[Your instructions] Write out the whole listing below exactly, skipping each picture.

[Information provided]
╔══

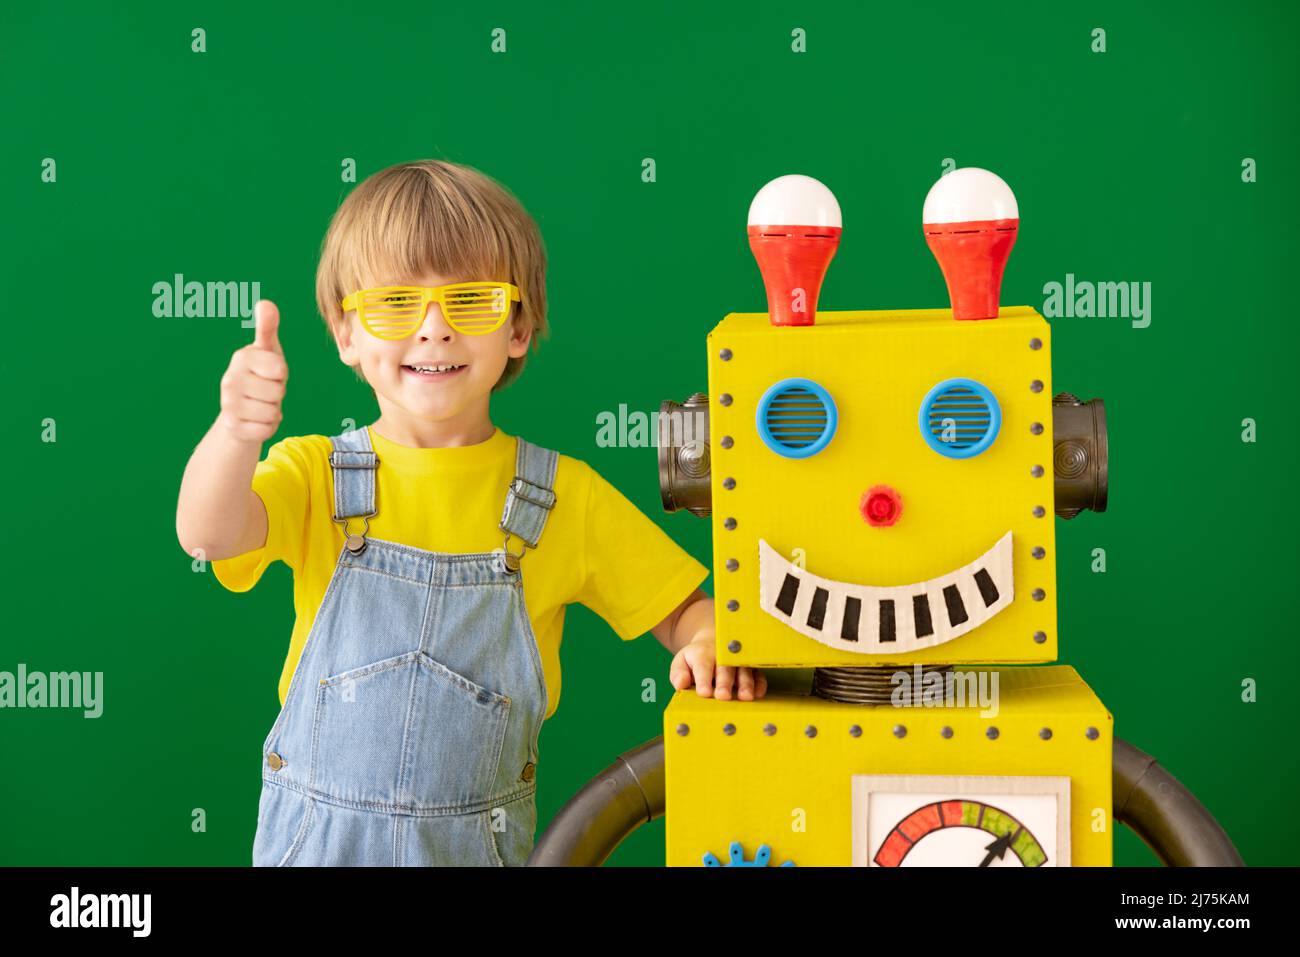 Happy child with toy robot at school. Funny kid against green chalkboard.  Education, creative and innovation technology concept Stock Photo - Alamy
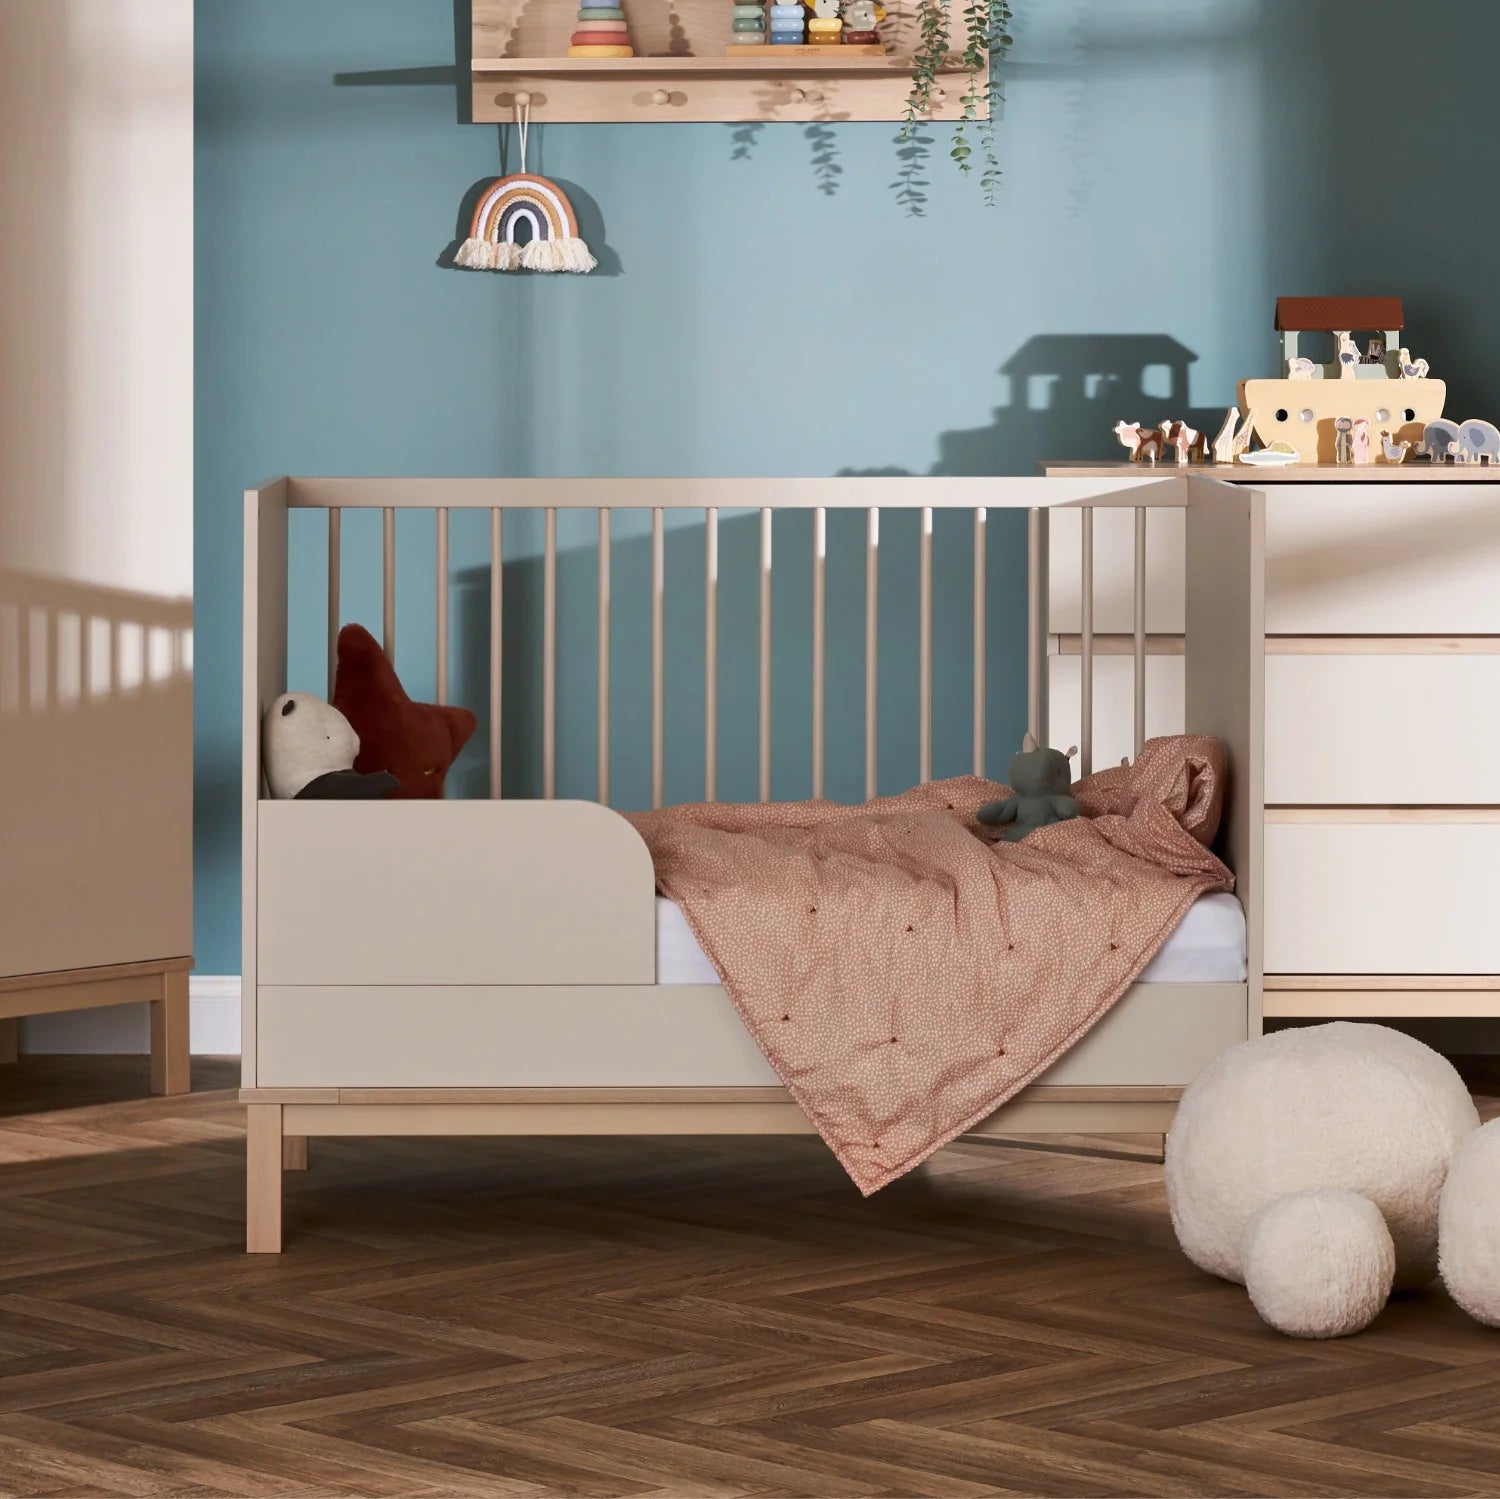 The Home of Luxury Baby & Toddler Essentials – Harlison Luxe Baby
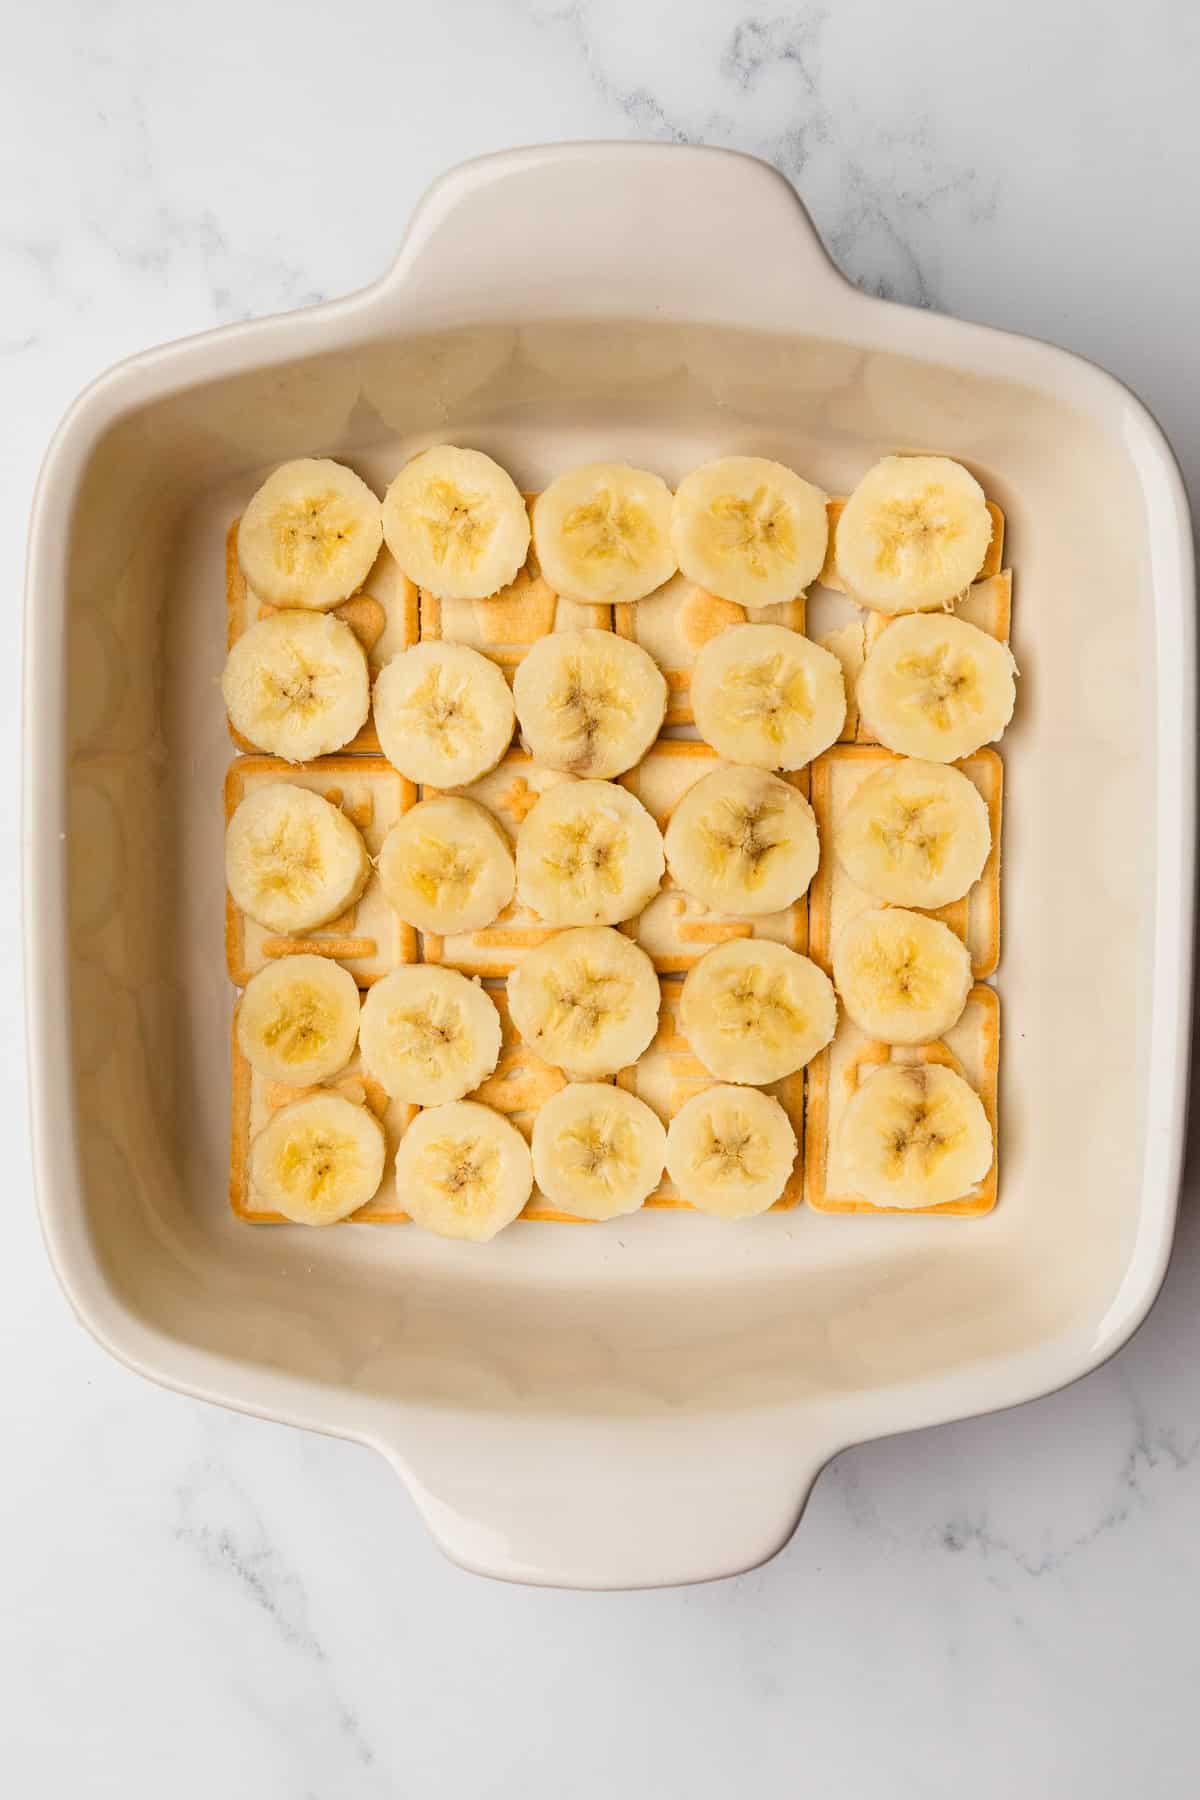 A layer of sliced bananas atop a layer of cookies.

╚══

[Worked solution]
 Happy child with toy robot at school. Funny kid against green chalkboard.  Education, creative and innovation technology concept Stock Photo - Alamy
 The Home of Luxury Baby & Toddler Essentials – Harlison Luxe Baby
 A layer of sliced bananas atop a layer of cookies.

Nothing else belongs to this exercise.